Deine Unterbrechungen deines Auslandsaufenthaltes, also deine Besuche in Deutschland, sollten sich an diesen Kriterien orientieren.
3.2. Wann gilt mein Auslandsaufenthalt als „nicht nur vorübergehend“?
Nach meiner Einschätzung liegt eine Rechtssicherheit, also das du zuverlässig davon ausgehen kannst, dass dein gewöhnlicher Aufenthalt beendet ist, frühestens bei einem Auslandsaufenthalt von mehr als 12 Monaten vor.
Meine Empfehlung: Wandere für mindestens 24 Monate aus!
Du solltest deinen Auslandsaufenthalt auch im vornherein für eine längere Dauer planen und das entsprechend glaubhaft nachweisen können.
Zu dieser Frage habe ich extra einen eigenen Artikel geschrieben. Diesen findest du hier: „Wie lange musst du auswandern, um wirklich Steuern zu sparen?“
3.3. Was ist im ersten Halbjahr nach meiner Ausreise bezüglich der 183-Tage-Regelung zu beachten?

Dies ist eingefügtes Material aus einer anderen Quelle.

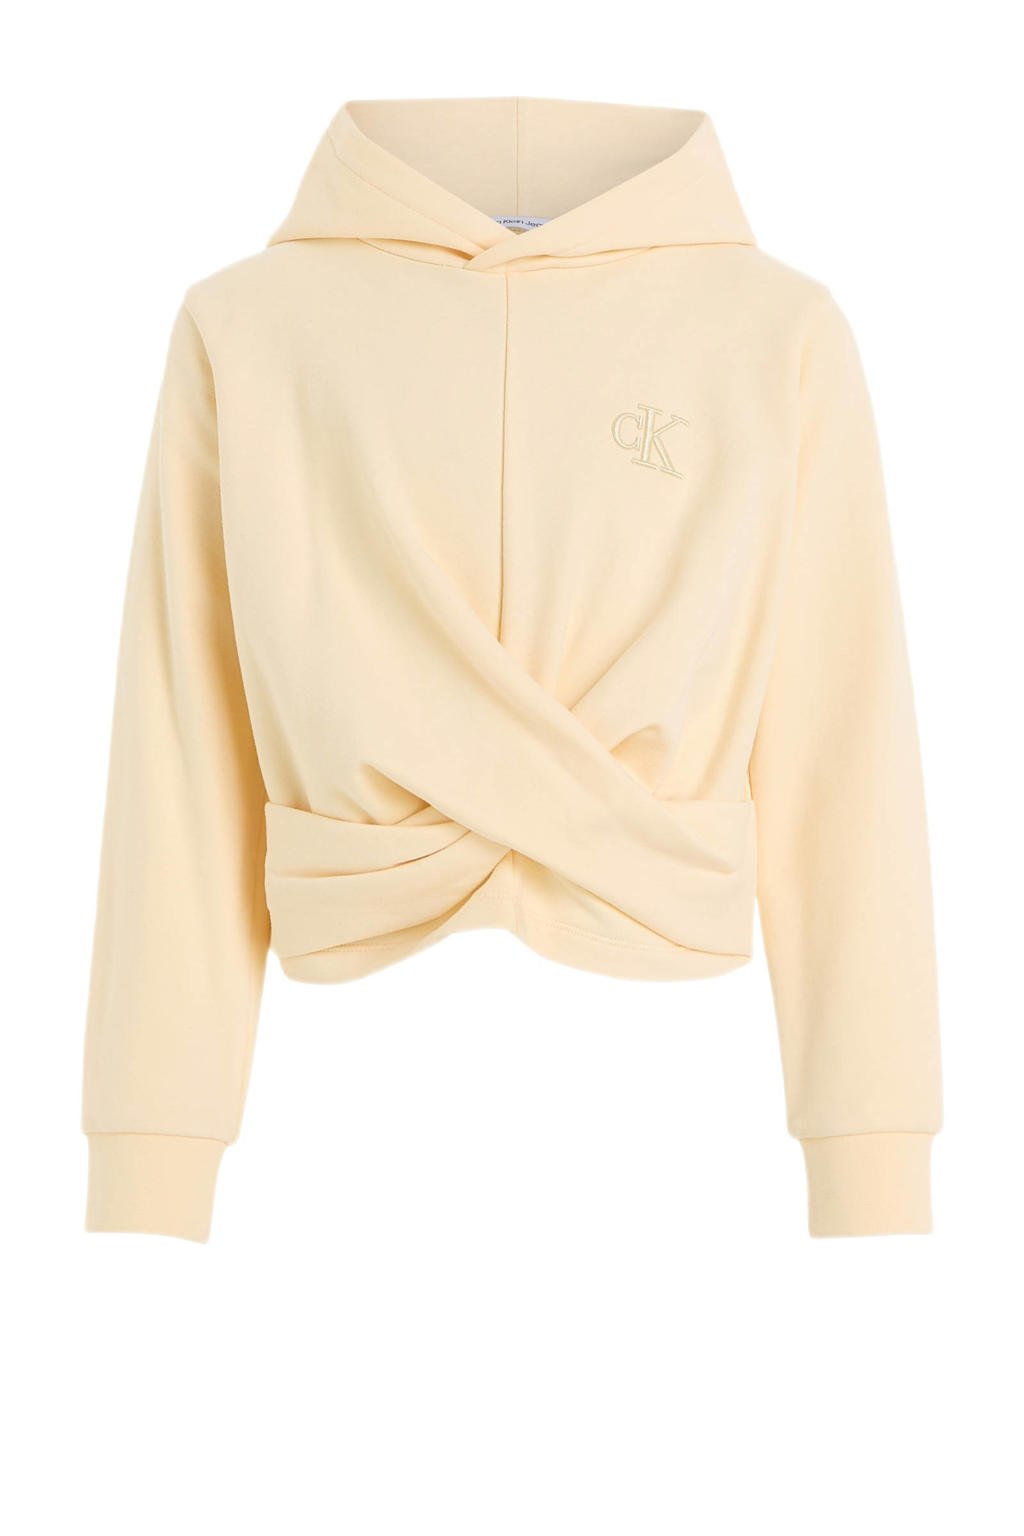 Beige meisjes Calvin Klein hoodie van sweat materiaal met logo dessin, lange mouwen en capuchon

Grundsätzlich sind bei der Berechnung der 183-Tage-Regelung immer die letzten 365 (366) Tage relevant. Das bedeutet jedoch nicht, dass dein gewöhnlicher Aufenthalt erst 183 Tage nach deiner Ausreise endet. Vielmehr ist die 183-Tage-Regelung relevant, wenn es darum geht, wieder einen gewöhnlichen Aufenthalt in Deutschland bzw. im Ausland zu begründen.

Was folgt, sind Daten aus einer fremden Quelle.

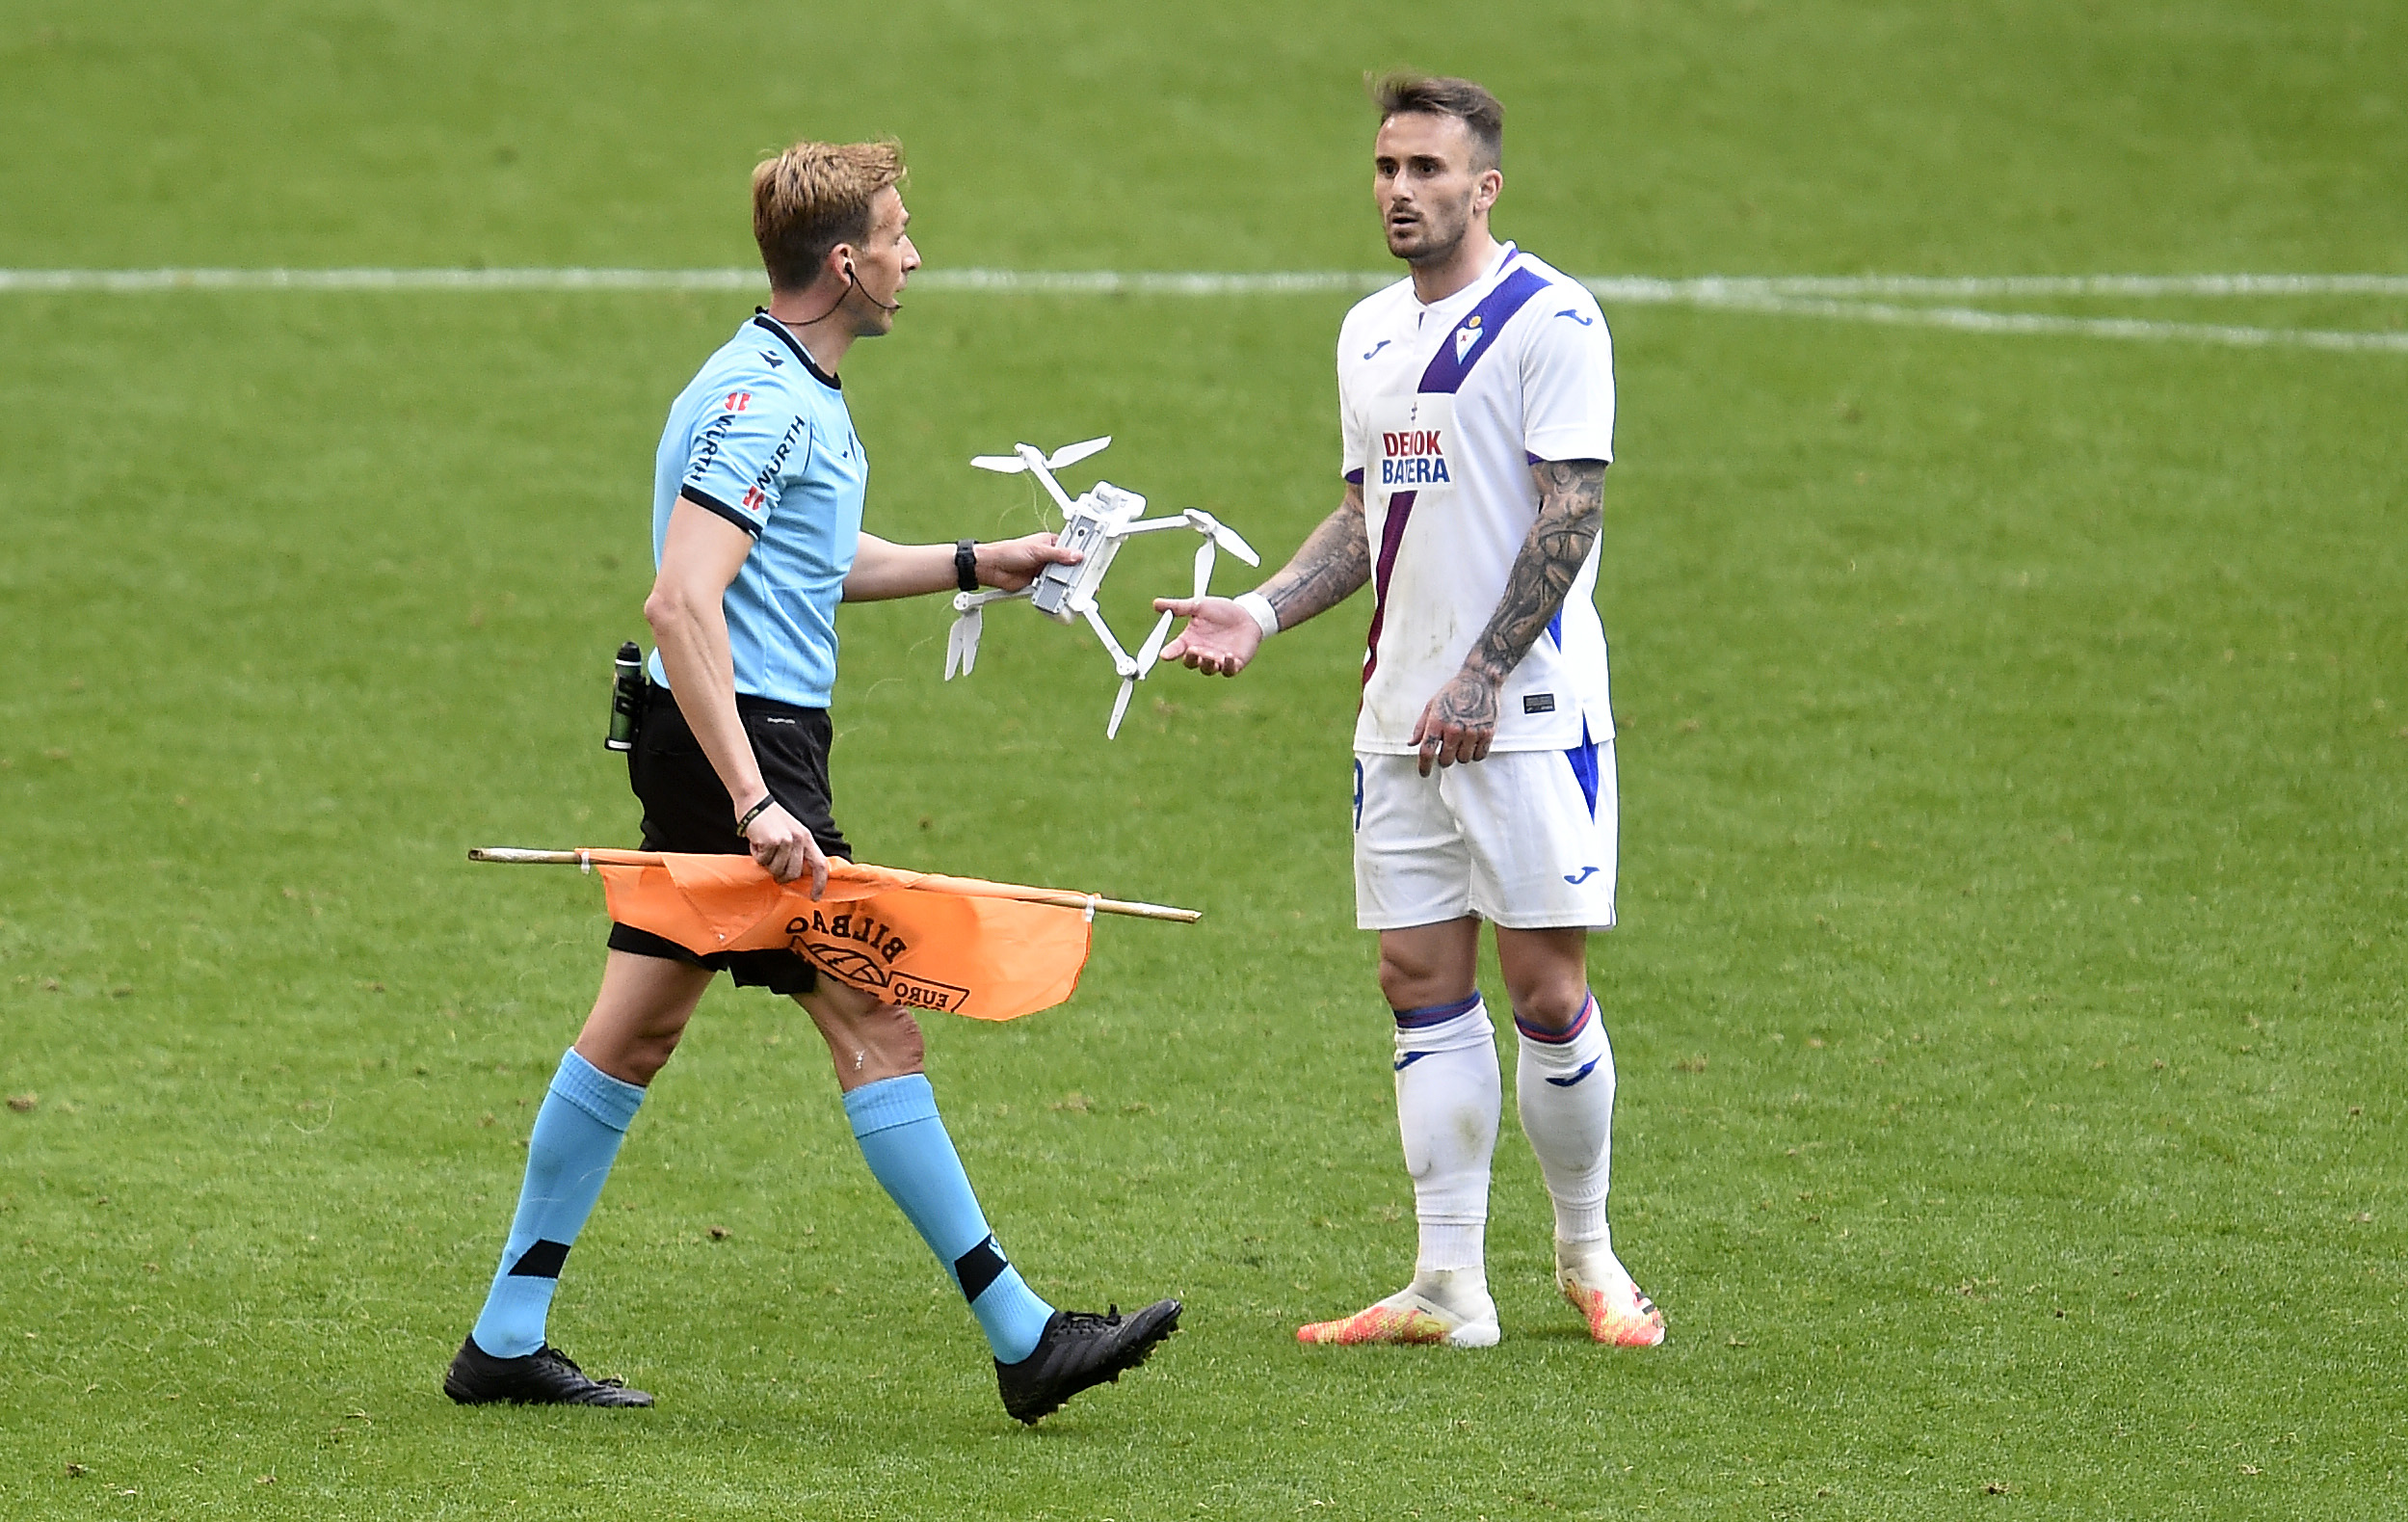 Un drone s’invite pendant un match de foot en Espagne

Es ist sehr wohl entscheidend, dass du in den ersten 183 Tagen nach deiner Auswanderung deinen gewöhnlichen Aufenthalt konsequent beendest.
Ab einem gewissen Zeitpunkt solltest du für die letzten 365 Tage unter 183 Tage in Deutschland fallen (je nachdem wie oft du in den ersten 6 Monaten nach der Auswanderung noch in Deutschland bist) und darfst dann nicht mehr darüber kommen. Sonst bist du wieder unbeschränkt steuerpflichtig.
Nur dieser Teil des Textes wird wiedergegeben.